Splitting Large CSV files with Python
This blog post demonstrates different approaches for splitting a large CSV file into smaller CSV files and outlines the costs / benefits of the different approaches.
TL;DR
- It’s faster to split a CSV file with a shell command / the Python filesystem API
- Pandas / Dask are more robust and flexible options
Let’s investigate the different approaches & look at how long it takes to split a 2.9 GB CSV file with 11.8 million rows of data.
Split with shell
You can split a CSV on your local filesystem with a shell command.
FILENAME=nyc-parking-tickets/Parking_Violations_Issued_-_Fiscal_Year_2015.csv
split -b 10000000 $FILENAME tmp/split_csv_shell/file
This only takes 4 seconds to run. Each file output is 10MB and has around 40,000 rows of data.
This approach has a number of key downsides:
- It cannot be run on files stored in a cloud filesystem like S3
- It breaks if there are newlines in the CSV row (possible for quoted data)
- Does not handle the header row
Python filesystem APIs
You can also use the Python filesystem readers / writers to split a CSV file.
chunk_size = 40000
def write_chunk(part, lines):
with open('../tmp/split_csv_python/data_part_'+ str(part) +'.csv', 'w') as f_out:
f_out.write(header)
f_out.writelines(lines)
with open("../nyc-parking-tickets/Parking_Violations_Issued_-_Fiscal_Year_2015.csv", "r") as f:
count = 0
header = f.readline()
lines = []
for line in f:
count += 1
lines.append(line)
if count % chunk_size == 0:
write_chunk(count // chunk_size, lines)
lines = []
# write remainder
if len(lines) > 0:
write_chunk((count // chunk_size) + 1, lines)
This takes 9.6 seconds to run and properly outputs the header row in each split CSV file, unlike the shell script approach.
It’d be easier to adapt this script to run on files stored in a cloud object store than the shell script as well.

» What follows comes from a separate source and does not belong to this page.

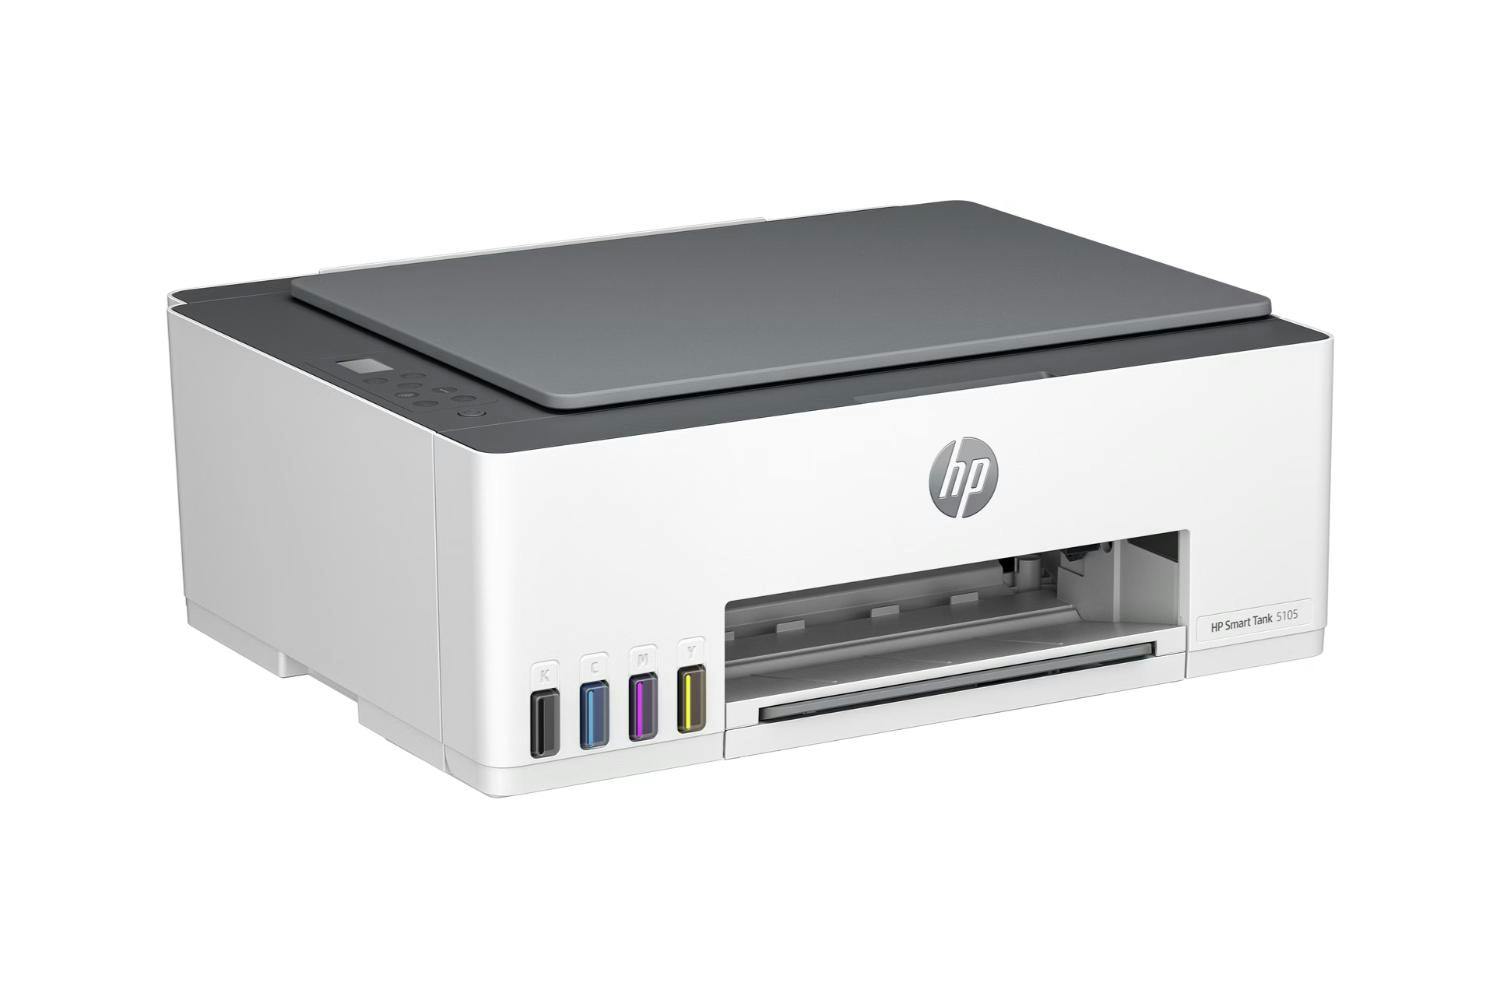 HP Smart Tank Plus 5105 Wireless All-in-One Colour Printer
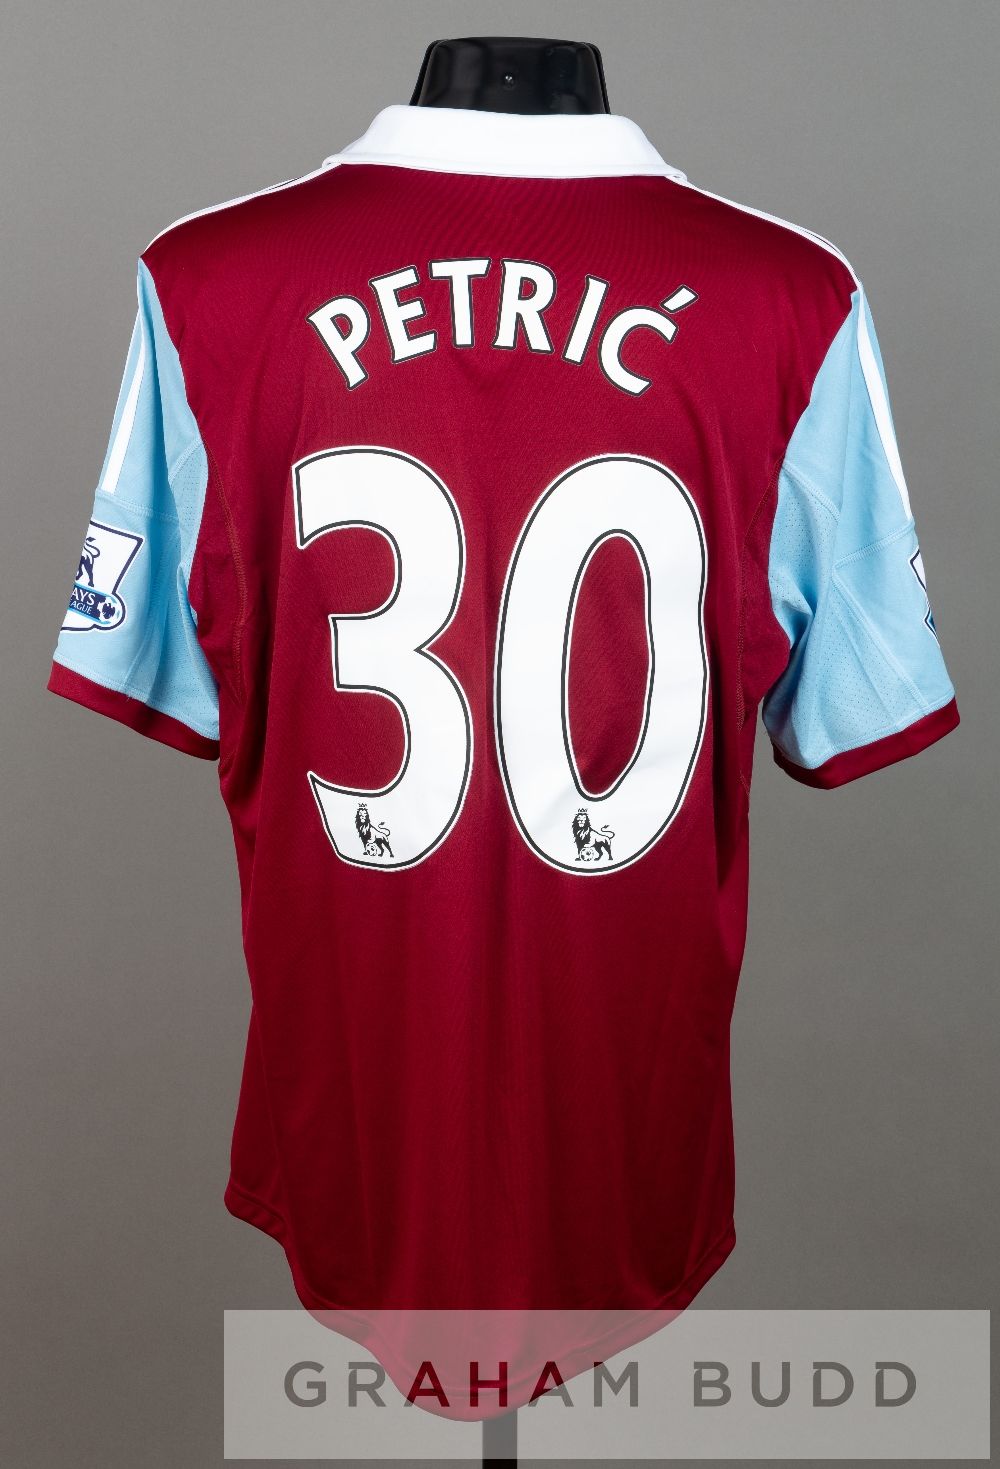 Mladen Petric claret and blue West Ham United no.30 Poppy home jersey v Aston Villa at Upton Park, - Image 2 of 2

Let’s look at some approaches that are a bit slower, but more flexible.
Pandas
Here’s how to read in chunks of the CSV file into Pandas DataFrames and then write out each DataFrame.
source_path = "../nyc-parking-tickets/Parking_Violations_Issued_-_Fiscal_Year_2015.csv"
for i,chunk in enumerate(pd.read_csv(source_path, chunksize=40000, dtype=dtypes)):
chunk.to_csv('../tmp/split_csv_pandas/chunk{}.csv'.format(i), index=False)
This approach writes 296 files, each with around 40,000 rows of data. It takes 160 seconds to execute.
The Pandas approach is more flexible than the Python filesystem approaches because it allows you to process the data before writing. You could easily update the script to add columns, filter rows, or write out the data to different file formats.
Manipulating the output isn’t possible with the shell approach and difficult / error-prone with the Python filesystem approach.
Dask
Here’s how to read the CSV file into a Dask DataFrame in 10 MB chunks and write out the data as 287 CSV files.
ddf = dd.read_csv(source_path, blocksize=10000000, dtype=dtypes)
ddf.to_csv("../tmp/split_csv_dask")
The Dask script runs in 172 seconds.
For this particular computation, the Dask runtime is roughly equal to the Pandas runtime. The Dask task graph that builds instructions for processing a data file is similar to the Pandas script, so it makes sense that they take the same time to execute.
Dask allows for some intermediate data processing that wouldn’t be possible with the Pandas script, like sorting the entire dataset. The Pandas script only reads in chunks of the data, so it couldn’t be tweaked to perform shuffle operations on the entire dataset.
Comparing approaches
This graph shows the program execution runtime by approach.
If you need to quickly split a large CSV file, then stick with the Python filesystem API.
Processing time generally isn’t the most important factor when splitting a large CSV file. Production grade data analyses typically involve these steps:
- Validating data and throwing out junk rows
- Properly assigning types to each column
- Writing data to a good file format for data analysis, like Parquet
- Compressing the data
The main objective when splitting a large CSV file is usually to make downstream analyses run faster and more reliably. Dask is the most flexible option for a production-grade solution.
Next steps
Large CSV files are not good for data analyses because they can’t be read in parallel. Multiple files can easily be read in parallel.
CSV files in general are limited because they don’t contain schema metadata, the header row requires extra processing logic, and the row based nature of the file doesn’t allow for column pruning. The main advantage of CSV files is that they’re human readable, but that doesn’t matter if you’re processing your data with a production-grade data processing engine, like Python or Dask.
Splitting up a large CSV file into multiple Parquet files (or another good file format) is a great first step for a production-grade data processing pipeline. Dask takes longer than a script that uses the Python filesystem API, but makes it easier to build a robust script. The performance drag doesn’t typically matter. You only need to split the CSV once.
The more important performance consideration is figuring out how to split the file in a manner that’ll make all your downstream analyses run significantly faster.